O resultado também mostra uma grande diferenciação entre as diferentes áreas de pesquisa.
Um
dos destaques é a Química, área em que 14,7% dos artigos de elite
publicados por brasileiros em 2018 estão entre os 10% mais citados no
mundo - uma evolução considerável desde 20 anos antes, quando o índice
estava próximo de 5%. Ao mesmo tempo, a média geral do desempenho dos
artigos brasileiros na área da Química tem caído.

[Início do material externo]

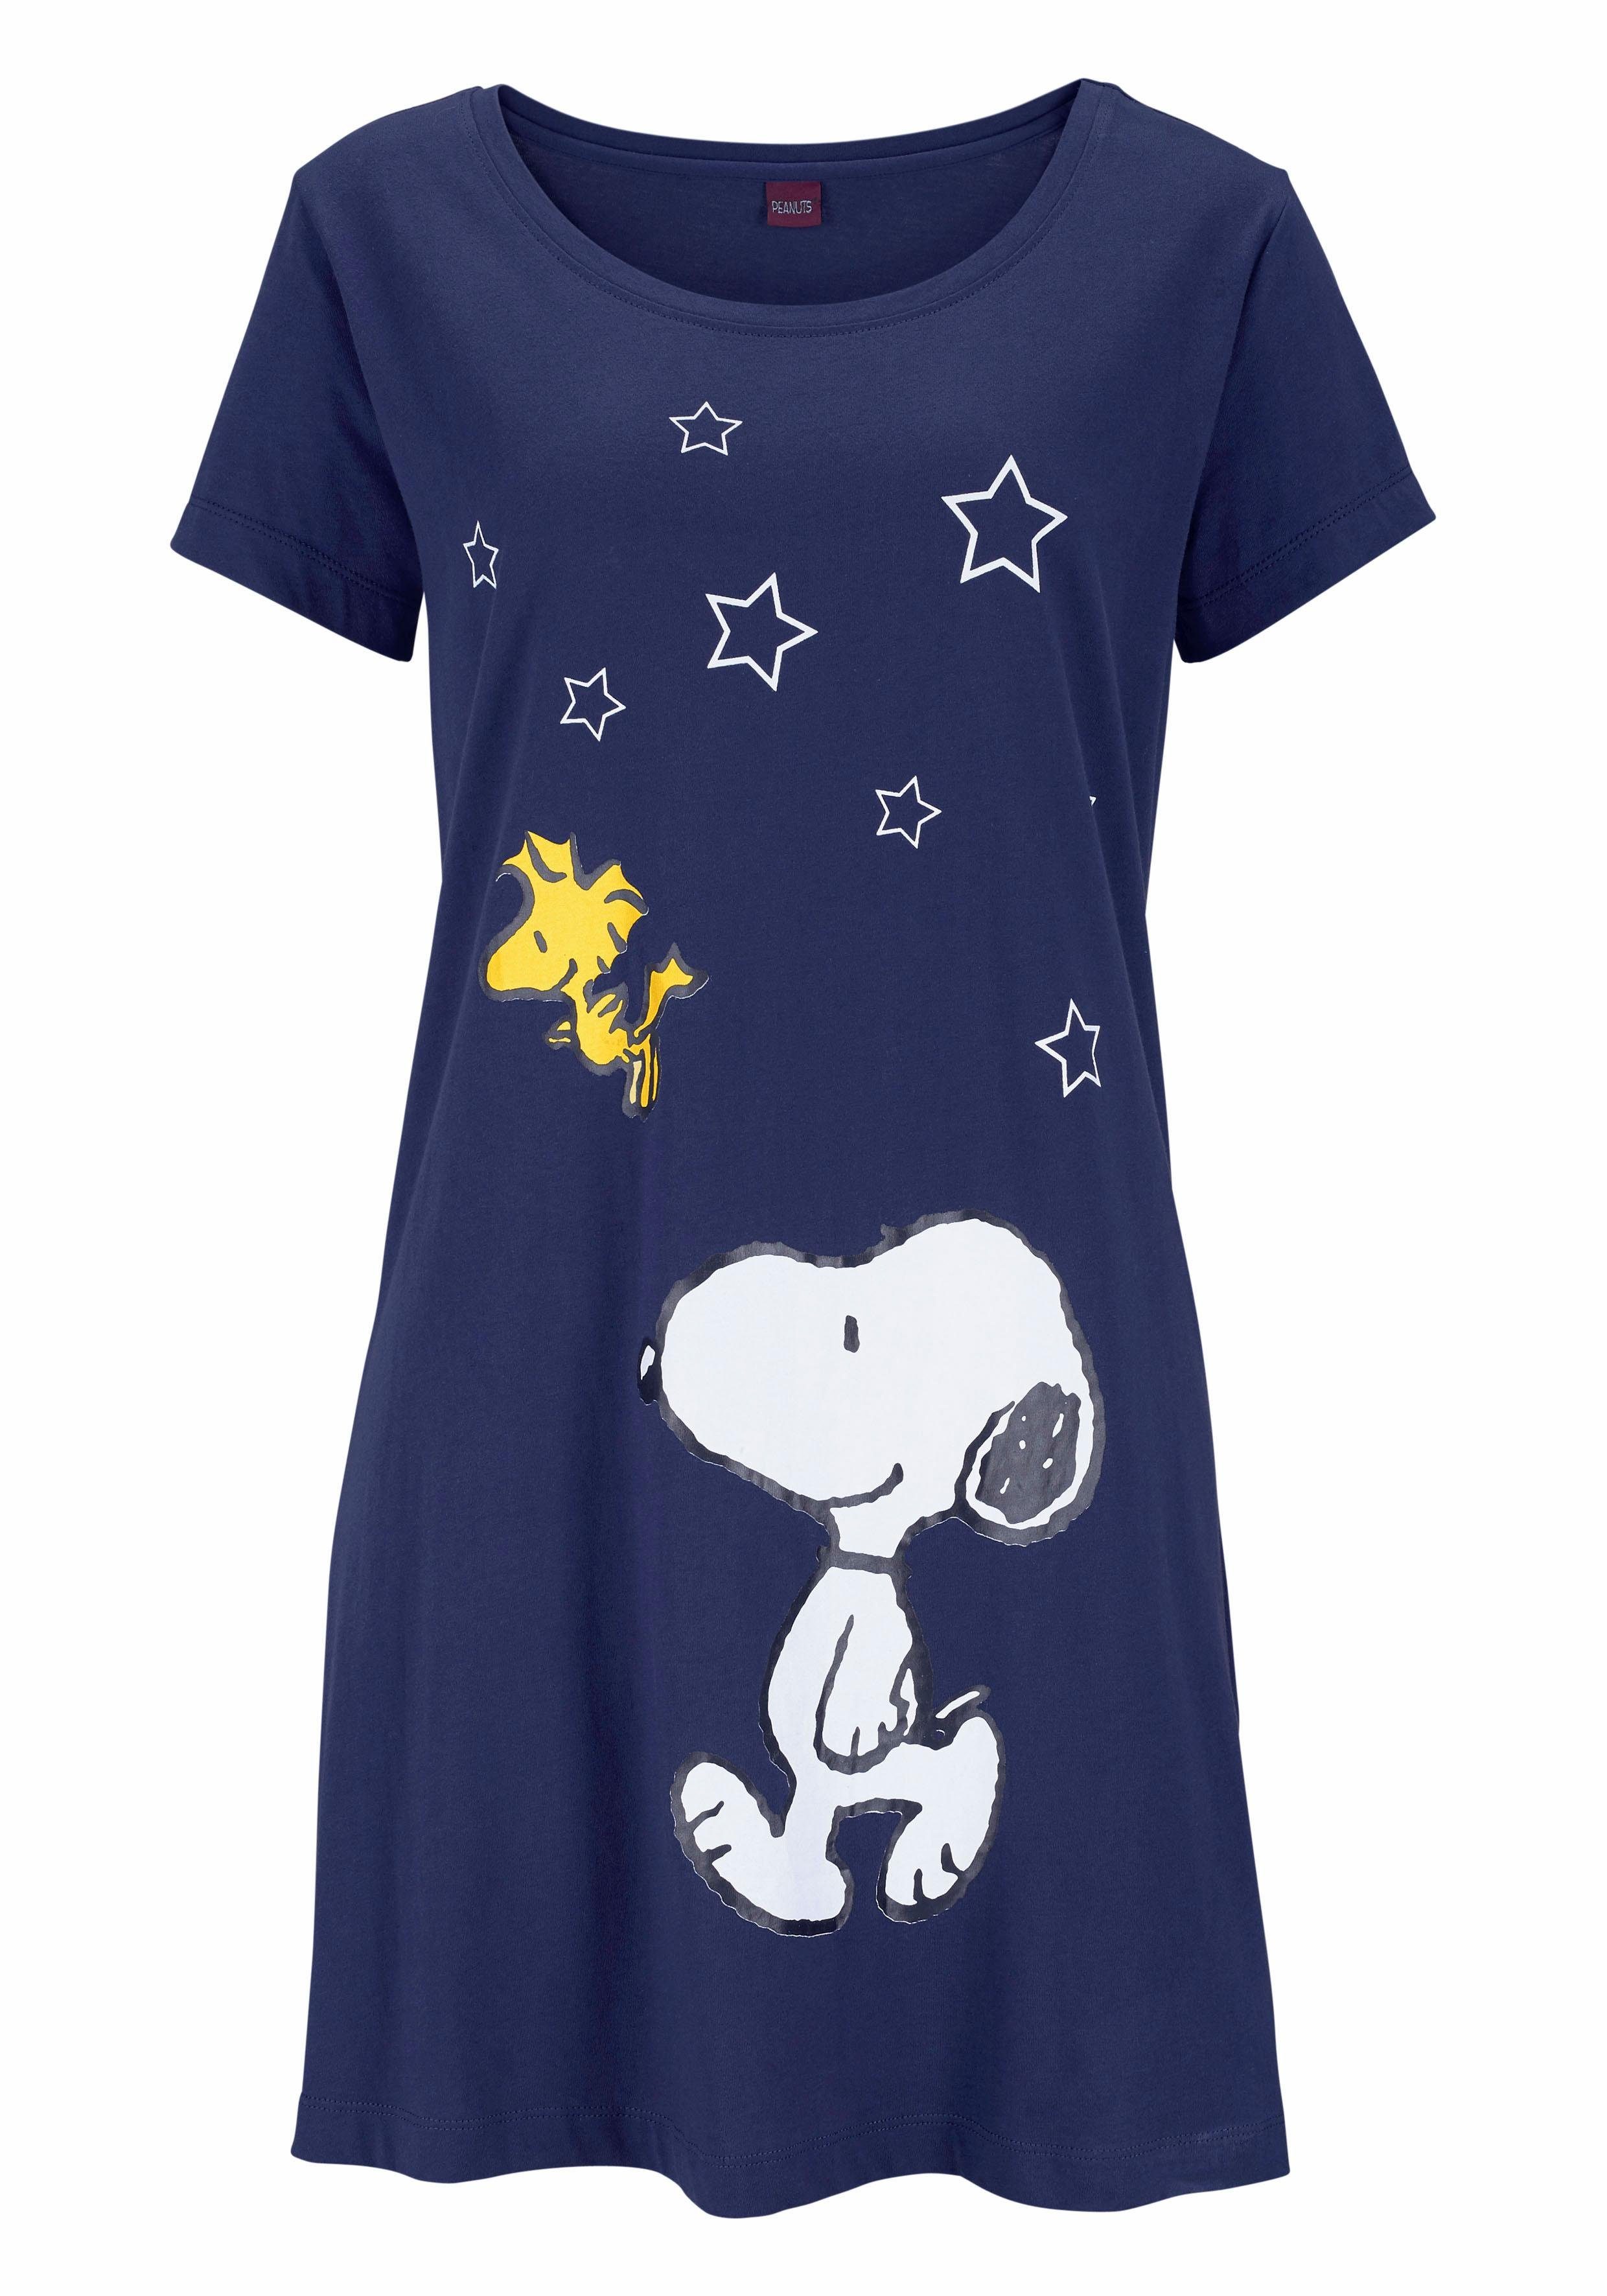 Minilänge mit marine Snoopy-Print PEANUTS in Sleepshirt
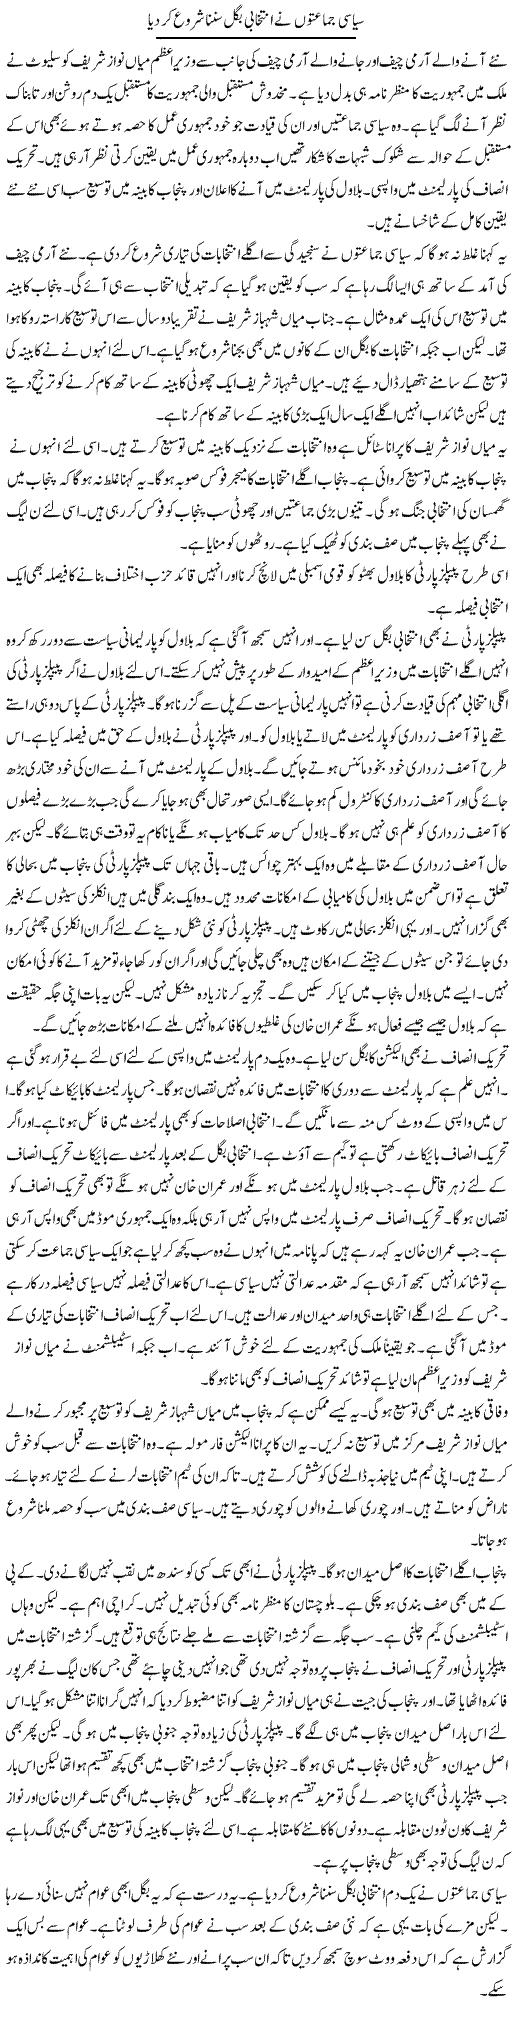 Siasi Jamaton Ne Intikhabi Bigal Sunna Shuru Kar Diya | Muzamal Suharwardy | Daily Urdu Columns

Isso aponta para um
distanciamento entre os pesquisadores de ponta e os demais.
“Enquanto
o impacto médio da nossa produção cai de 2005 para cá, há um aumento de
estudos muito influentes dentro do total de artigos publicados – ou
seja, ocorre uma elitização (do ponto de vista intelectual) na área de
Química. Isso mostra que a elite de nossa ciência química se distancia
cada vez mais do pesquisador médio na área”, explica o relatório.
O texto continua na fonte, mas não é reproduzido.